### Source data

┌──

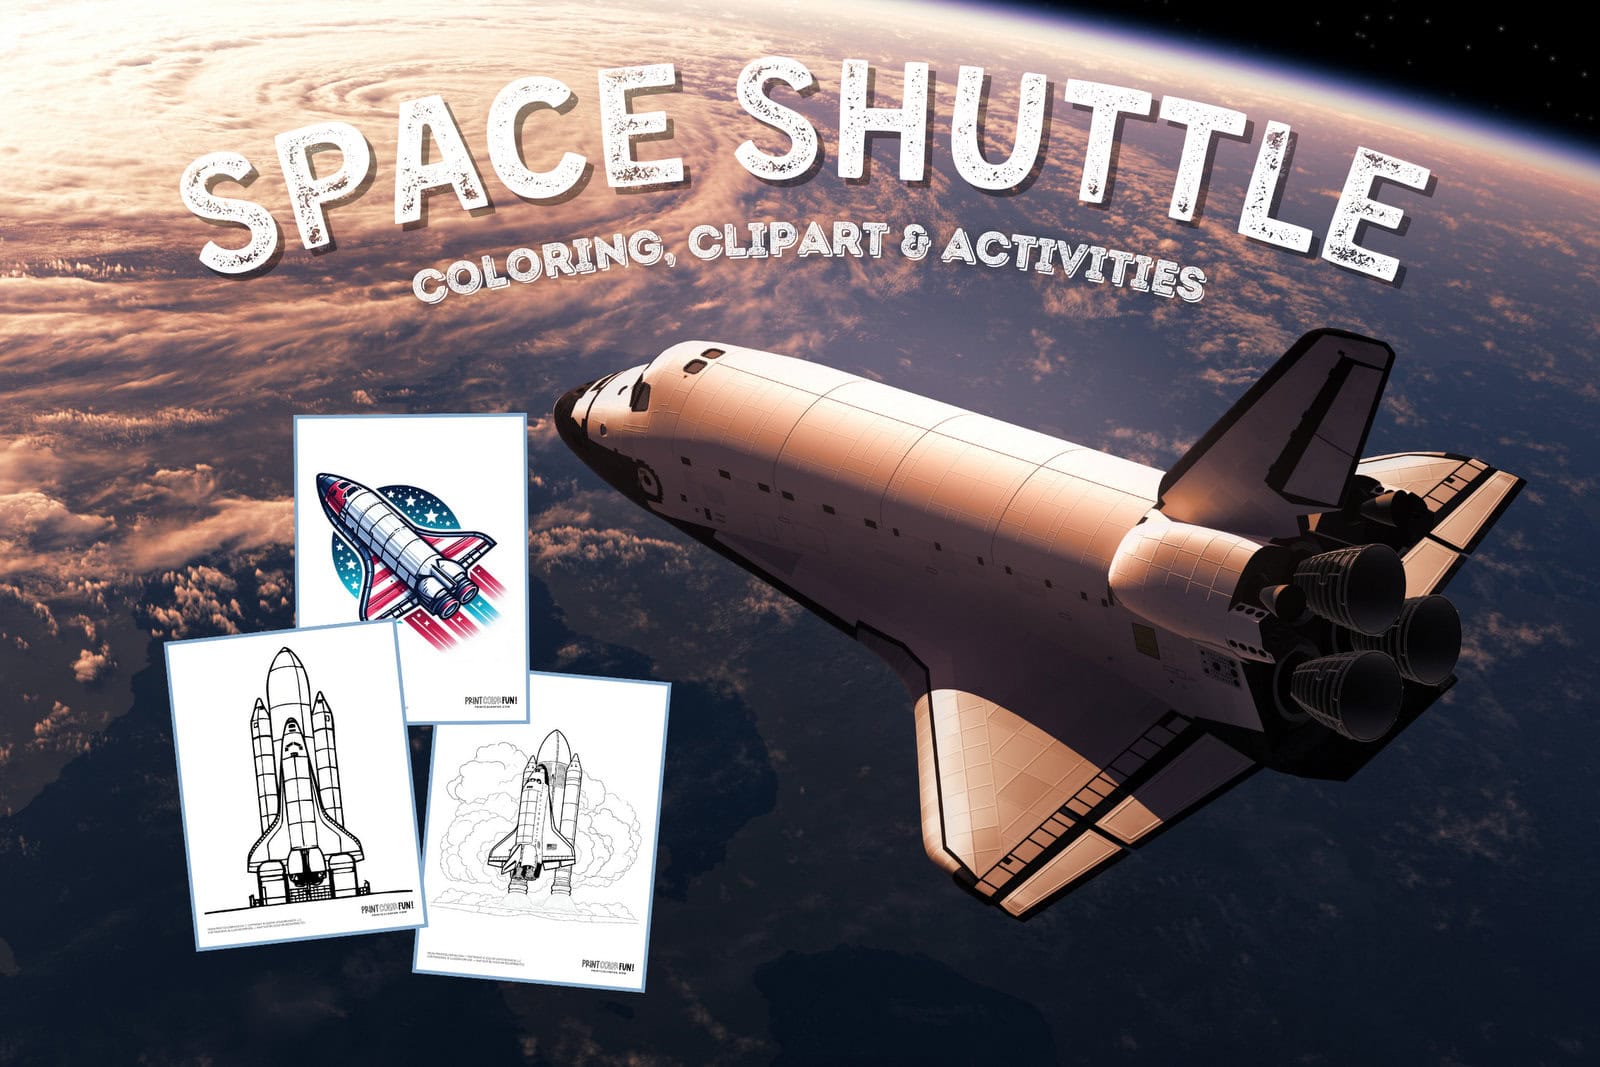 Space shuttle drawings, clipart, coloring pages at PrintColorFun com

└──
┌──

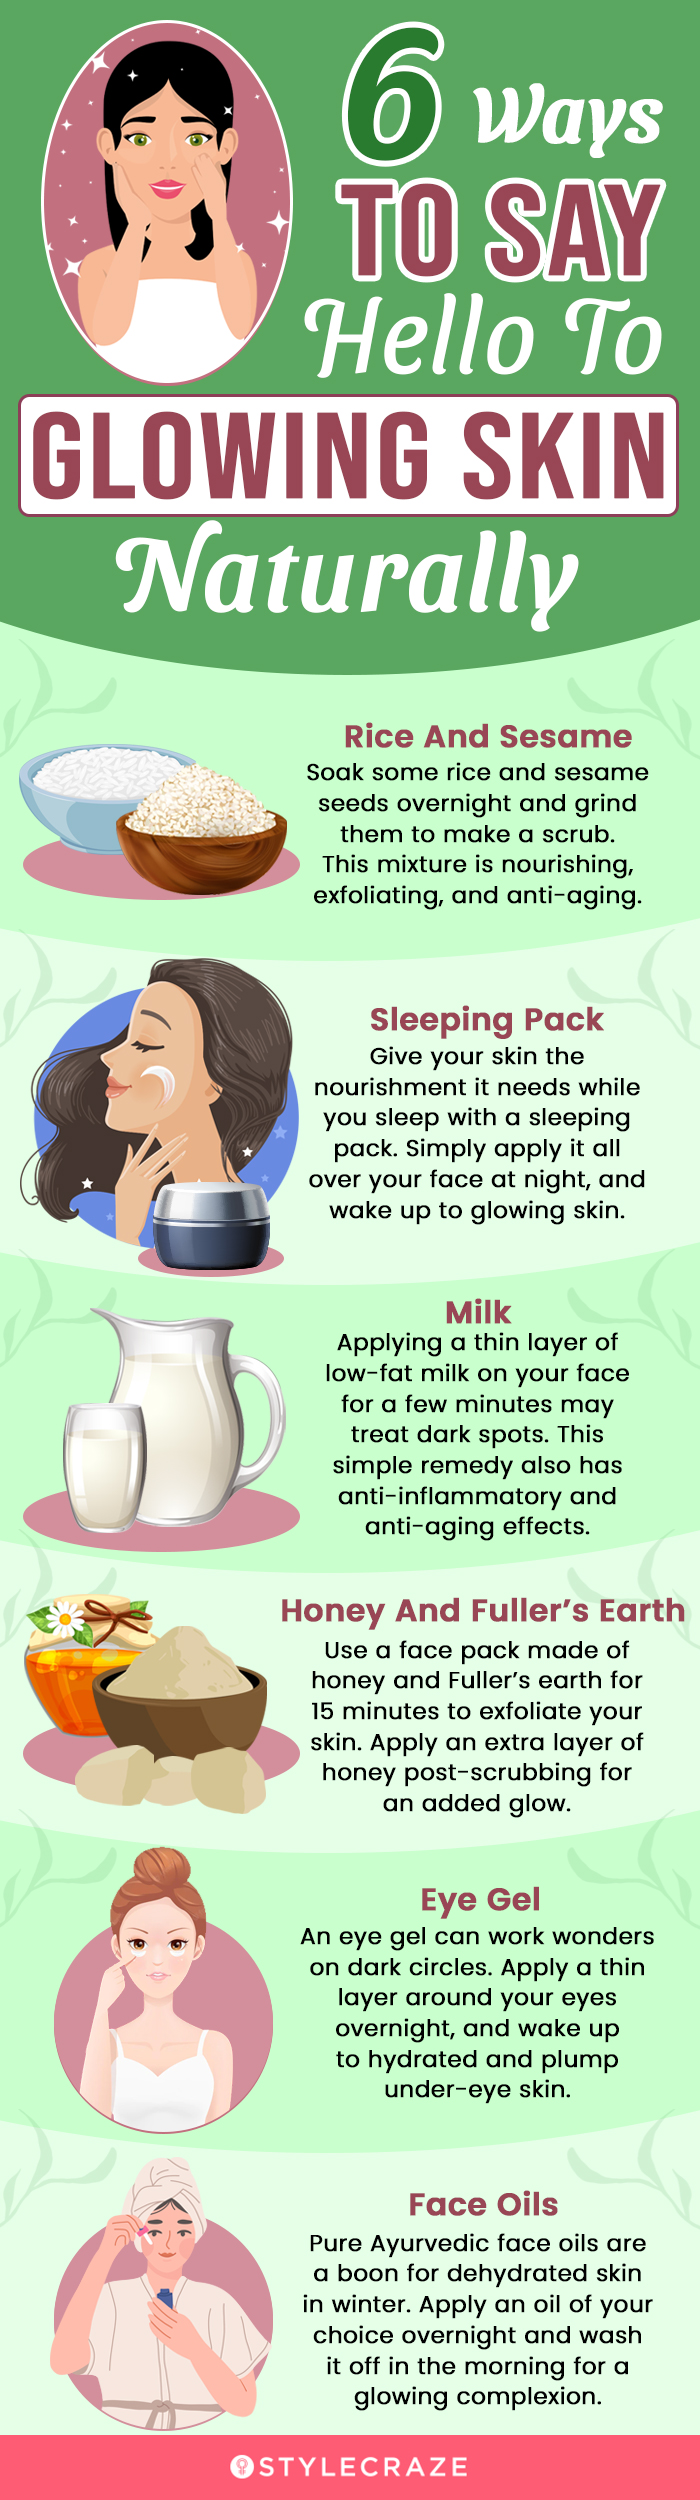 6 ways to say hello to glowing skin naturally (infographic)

└──
┌──

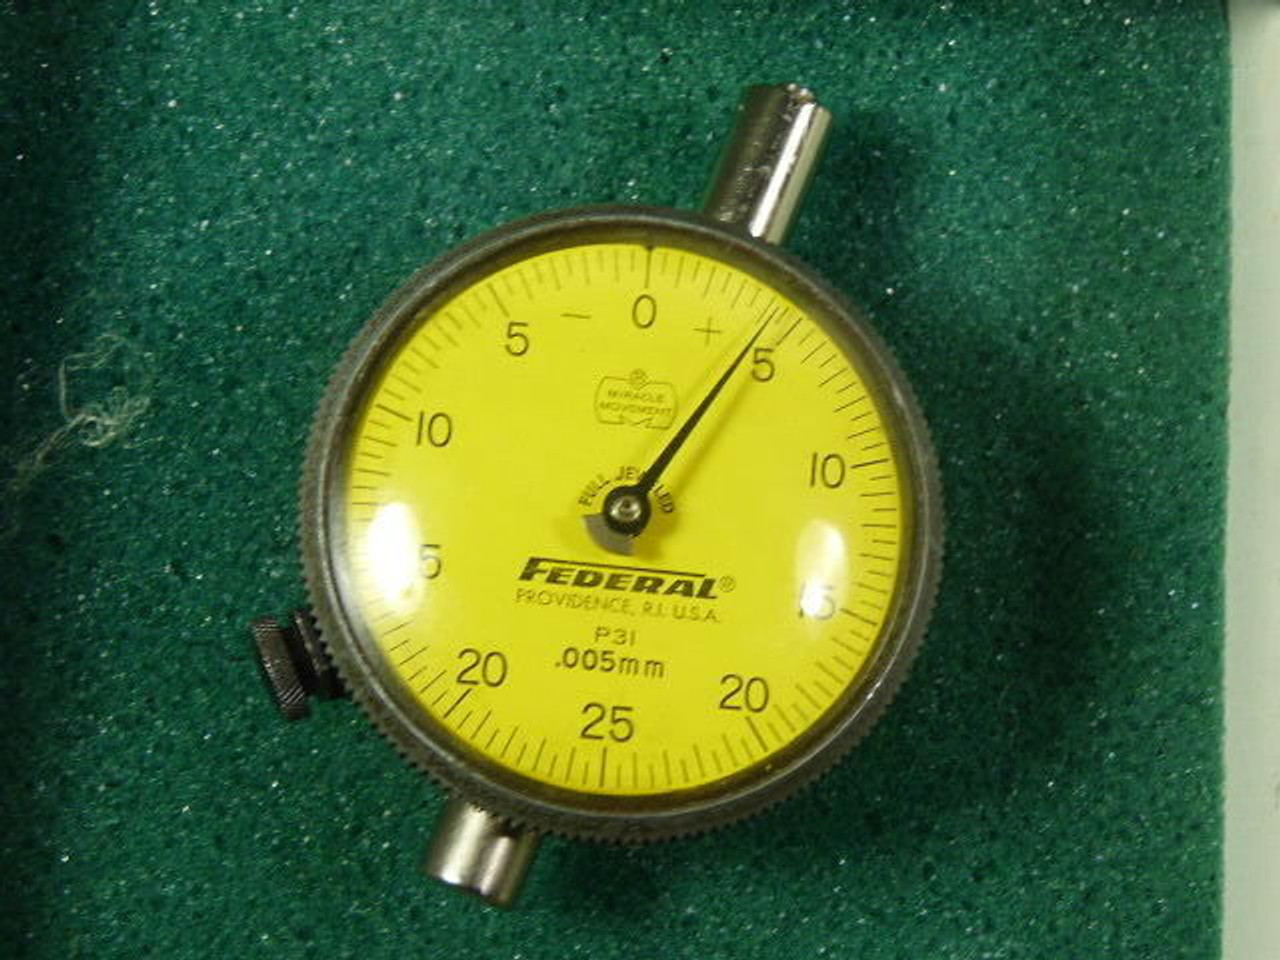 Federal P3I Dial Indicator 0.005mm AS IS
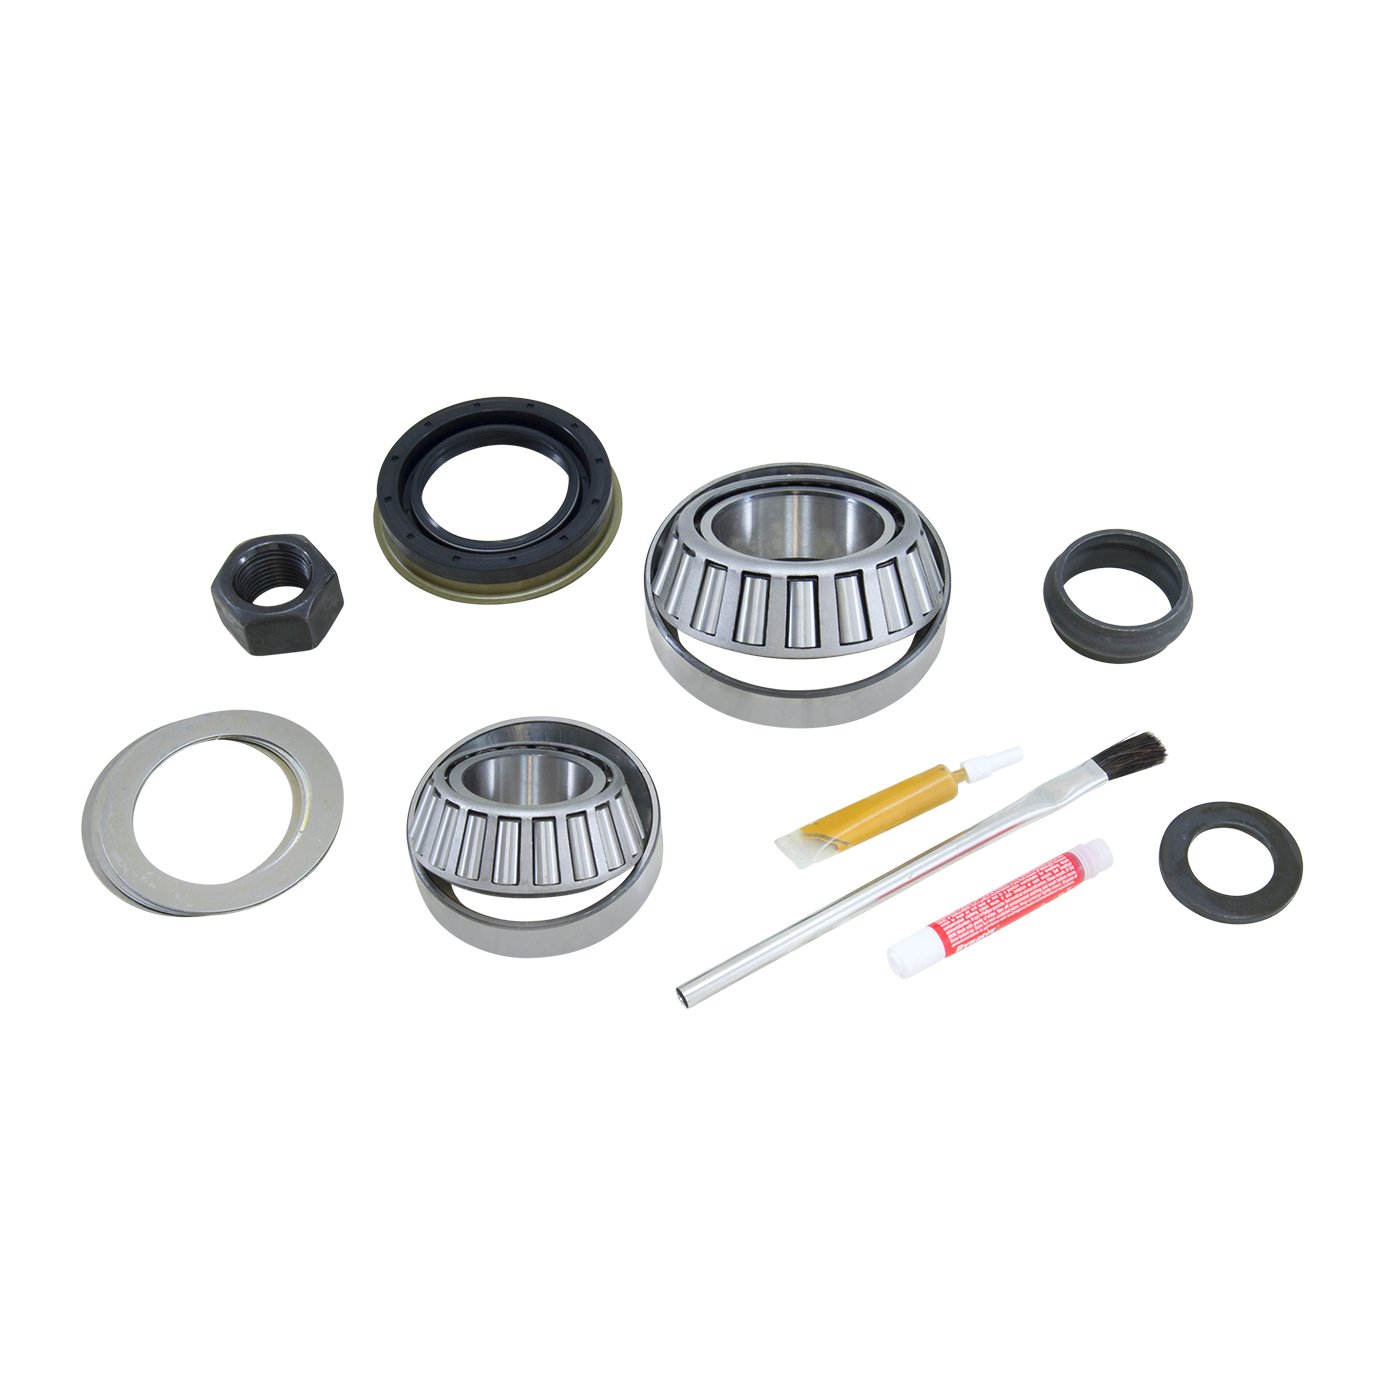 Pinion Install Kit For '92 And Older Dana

└──

In the entries above, find the line with "Federal P3I Dial Indicator 0.005mm AS IS" and the line with "Pinion Install Kit For '92 And Older Dana". Return exactly those lines and all the ones between them, pictures excluded.

### Response
 Federal P3I Dial Indicator 0.005mm AS IS
 Pinion Install Kit For '92 And Older Dana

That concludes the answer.